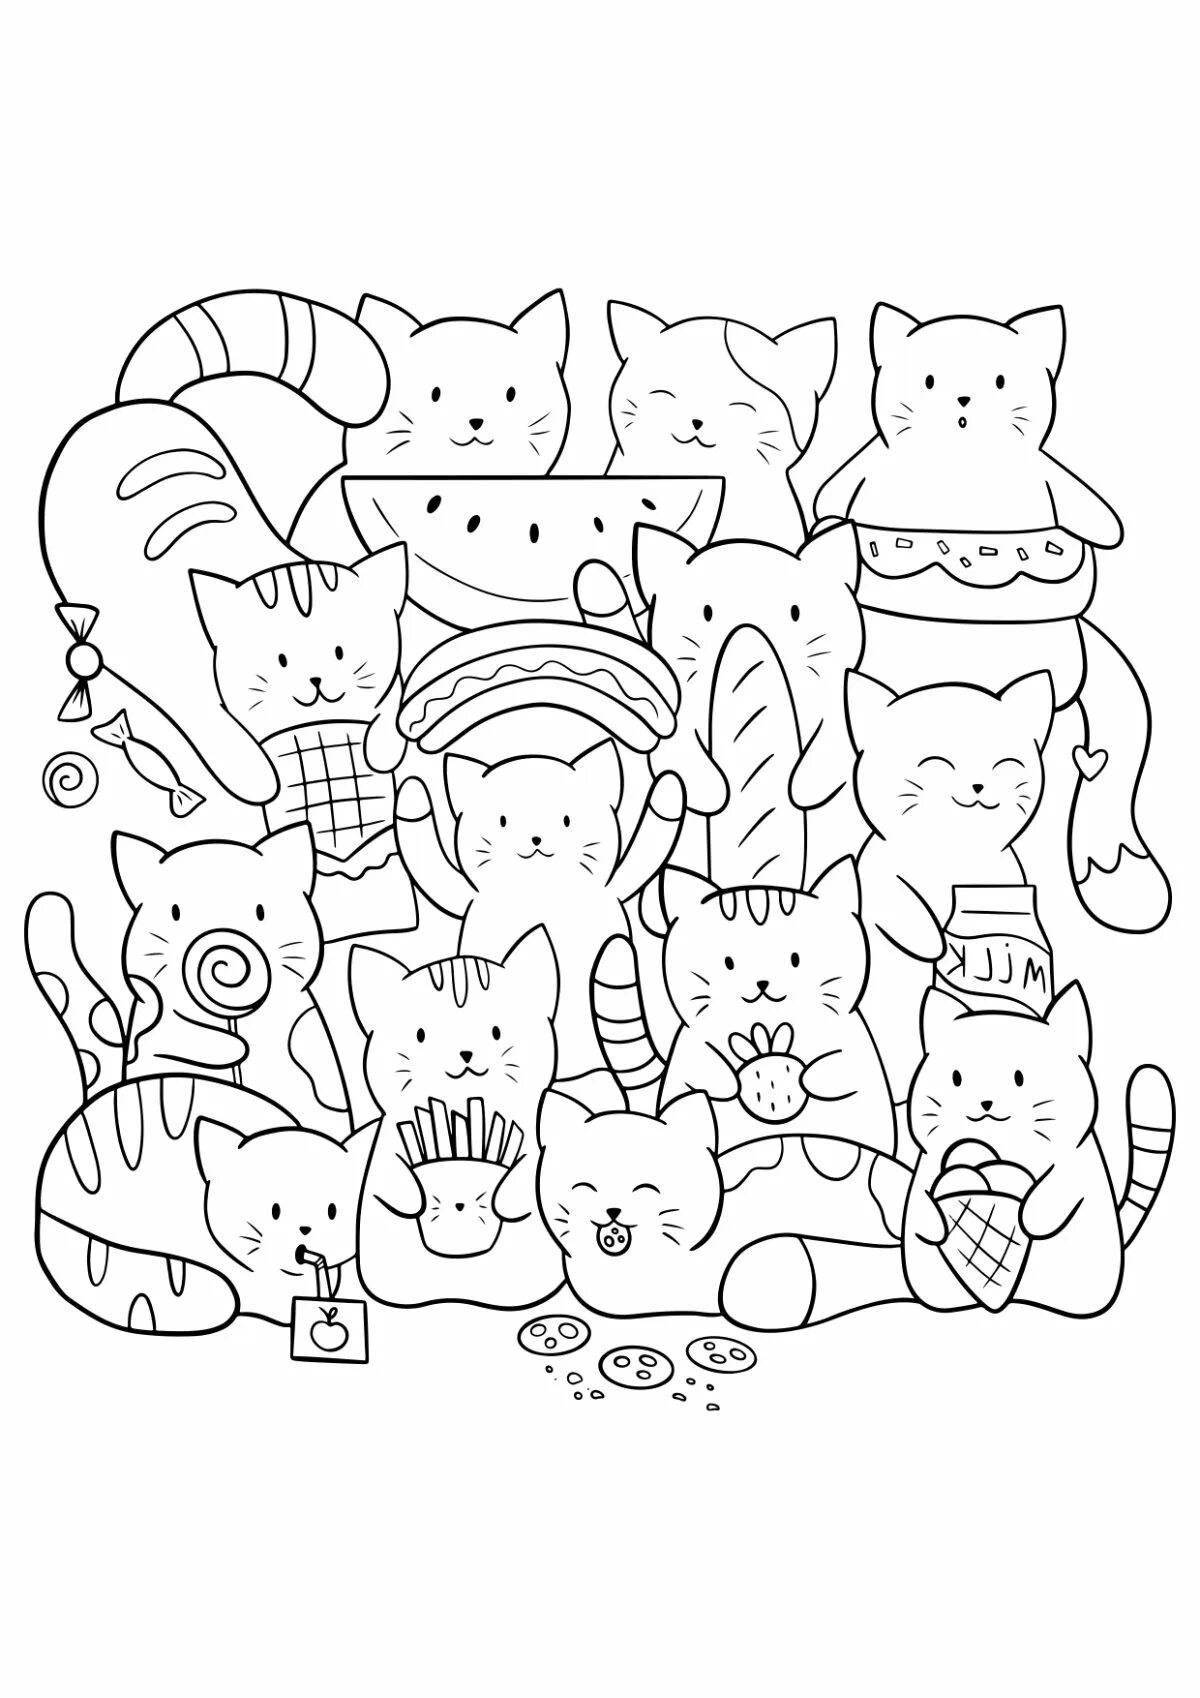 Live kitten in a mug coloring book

──────────────────────────────

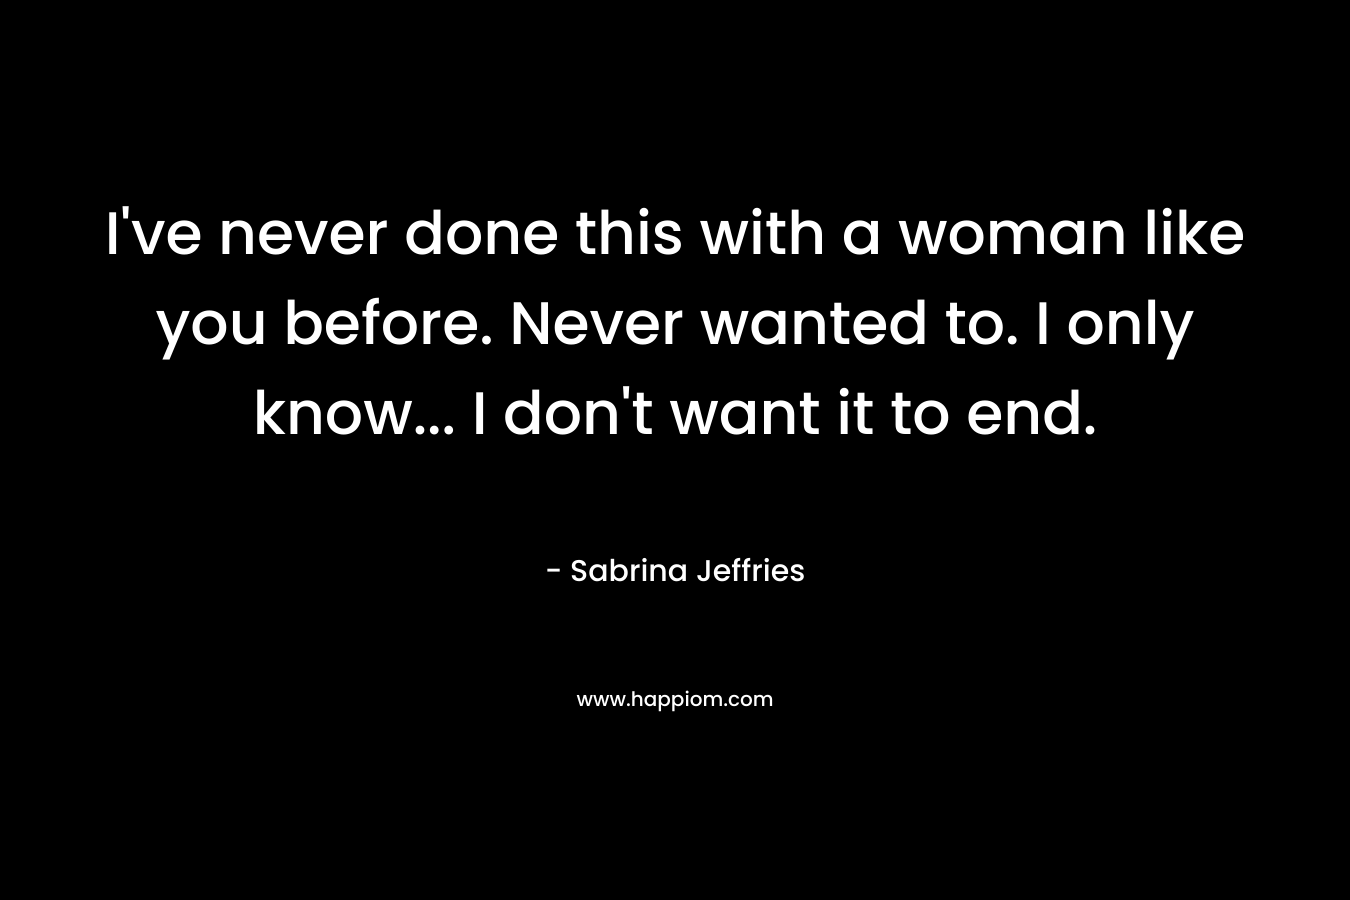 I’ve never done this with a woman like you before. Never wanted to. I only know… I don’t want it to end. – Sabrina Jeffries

──────────────────────────────

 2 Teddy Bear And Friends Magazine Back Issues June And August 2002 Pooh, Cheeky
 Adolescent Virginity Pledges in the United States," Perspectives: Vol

──────────────────────────────

▶ TASK STATEMENT
In the listing above, locate the line with "2 Teddy Bear" and the line with "Adolescent Virginity Pledges", then extract exactly those lines and every line between them, and nothing more.

▶ ANSWER TO THIS PROBLEM
 2 Teddy Bear And Friends Magazine Back Issues June And August 2002 Pooh, Cheeky
 Adolescent Virginity Pledges in the United States," Perspectives: Vol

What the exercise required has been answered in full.